Freedom is the crime that contains all crimes, and it is against this crime that the old world defends itself. The state is physically eliminating all the beautiful young people who aren’t resigned — the same young people who die, murdered by cops or reactionary pro-cop vigilantes. The state buries those that the law can trap alive in its prisons as long as possible while terrorizing those who manage to stay outside. For these, it pays educators and other pests to demoralize them and make them forget their comrades in jail. (78)
Against this continual assault on communities in resistance Os Cangaceiros counterpoised the weapon of active solidarity. They sought to eliminate the false distinction between “political prisoners” and “social prisoners,” and it was this understanding that led to their most daring attack on the society of confinement. Os Cangaceiros’ struggle against prisons took many forms, but none was more infamous than “13,000 Escapes”: A Dossier Against the “Project of 13,000 Places”, the main text of which is included in this collection. Its name references a French government project to modify the penal system so that it could accommodate an additional 13,000 maximum security prisoners. Appearing in 1990, “13,000 Escapes” contained not only detailed informationon the campaign of vandalism and sabotage undertaken by Os Cangaceiros against this project, but also somehow obtained blueprints, internal communications, and other government documents exposing the inner workings of the new prisons and those undergoing renovation. The covert dissemination of 13,000 copies of this dossier was a bombshell, creating a public scandal on the outside and providing a useful tool for escape attempts on the inside.
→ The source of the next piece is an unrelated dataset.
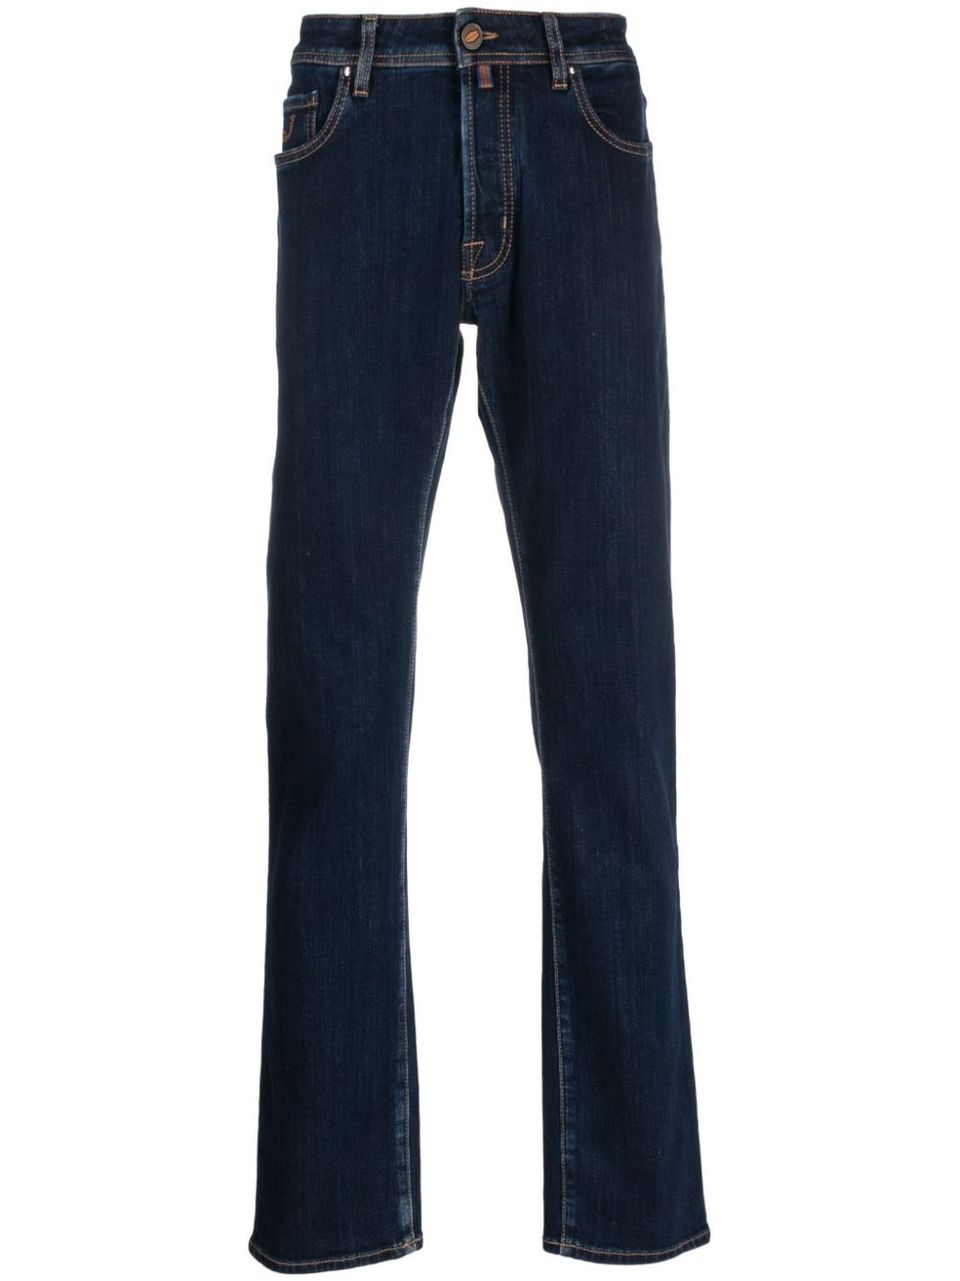 Prada Jeans for Women - FARFETCH

The authorities scrambled to deal with the political fallout, but despite police investigations and a nationwide manhunt, none of the individuals responsible were ever caught. The informal nature of Os Cangaceiros effectively prevented police infiltration of their circles and their identities still remain unknown, to the great frustration of the French state and Interpol. The group simply disappeared soon after “13,000 Escapes,” never acting under that name again.
Until now, very few of Os Cangaceiros’ writings have been available to an English-speaking audience, making the publication of this slim volume of writings a striking achievement. Most of the essays in this collection had been previously published in an Italian translation, while the rest had only been published in the original French. A Crime Called Freedom includes a new introduction by the translator, Wolfi Land- streicher, along with the original introduction to the Italian collection. This English translation is from the Italian, not the original French, yet the translation has surmounted its inherent limitations to capture both the poetry and the venom of these texts in all their fullness. The ideas in this book are dangerous; hopefully they will find the receptive readers they deserve.